— Source material —
----------------------------------------
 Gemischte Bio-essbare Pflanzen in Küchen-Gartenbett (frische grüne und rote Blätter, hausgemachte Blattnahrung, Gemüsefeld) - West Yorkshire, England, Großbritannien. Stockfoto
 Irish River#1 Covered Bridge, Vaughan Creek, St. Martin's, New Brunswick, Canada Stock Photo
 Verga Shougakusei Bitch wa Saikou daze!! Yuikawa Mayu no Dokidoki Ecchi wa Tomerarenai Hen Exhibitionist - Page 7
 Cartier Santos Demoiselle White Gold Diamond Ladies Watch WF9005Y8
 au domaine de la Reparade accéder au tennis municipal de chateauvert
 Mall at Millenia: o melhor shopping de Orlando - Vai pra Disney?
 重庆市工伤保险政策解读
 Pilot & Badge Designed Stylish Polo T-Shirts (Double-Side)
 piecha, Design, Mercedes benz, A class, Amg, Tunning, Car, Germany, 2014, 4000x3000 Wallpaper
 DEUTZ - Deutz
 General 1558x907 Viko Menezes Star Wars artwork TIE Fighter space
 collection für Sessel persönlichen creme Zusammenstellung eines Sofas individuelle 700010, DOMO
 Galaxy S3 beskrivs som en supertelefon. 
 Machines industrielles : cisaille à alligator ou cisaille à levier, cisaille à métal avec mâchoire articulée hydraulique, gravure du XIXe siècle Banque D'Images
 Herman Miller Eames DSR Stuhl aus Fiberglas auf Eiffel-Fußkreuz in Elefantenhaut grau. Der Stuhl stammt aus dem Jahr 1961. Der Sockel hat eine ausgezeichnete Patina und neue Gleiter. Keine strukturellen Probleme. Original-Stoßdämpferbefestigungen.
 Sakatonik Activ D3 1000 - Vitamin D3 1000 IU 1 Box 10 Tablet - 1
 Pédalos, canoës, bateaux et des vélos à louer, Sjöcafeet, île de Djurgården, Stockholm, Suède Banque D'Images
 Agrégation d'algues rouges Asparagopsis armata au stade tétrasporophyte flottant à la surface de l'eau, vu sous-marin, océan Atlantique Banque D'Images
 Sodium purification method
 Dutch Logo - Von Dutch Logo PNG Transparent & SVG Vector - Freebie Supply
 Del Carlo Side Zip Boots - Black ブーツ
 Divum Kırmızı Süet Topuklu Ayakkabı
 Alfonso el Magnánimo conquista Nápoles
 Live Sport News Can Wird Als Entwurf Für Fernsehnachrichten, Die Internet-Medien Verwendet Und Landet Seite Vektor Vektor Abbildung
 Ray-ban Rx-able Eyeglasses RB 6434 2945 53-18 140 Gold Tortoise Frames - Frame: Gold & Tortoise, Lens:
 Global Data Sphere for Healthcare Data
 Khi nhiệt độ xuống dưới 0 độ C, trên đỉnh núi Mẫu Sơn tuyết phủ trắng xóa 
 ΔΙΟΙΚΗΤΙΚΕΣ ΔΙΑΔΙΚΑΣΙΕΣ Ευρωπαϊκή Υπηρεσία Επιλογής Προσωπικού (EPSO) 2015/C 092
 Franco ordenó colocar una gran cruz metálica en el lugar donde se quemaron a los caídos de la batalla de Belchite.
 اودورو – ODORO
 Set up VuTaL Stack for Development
----------------------------------------
— Task goal —
Filter the records for the word "Gold" and show every line that has it.

— The answer —
 Cartier Santos Demoiselle White Gold Diamond Ladies Watch WF9005Y8
 Ray-ban Rx-able Eyeglasses RB 6434 2945 53-18 140 Gold Tortoise Frames - Frame: Gold & Tortoise, Lens:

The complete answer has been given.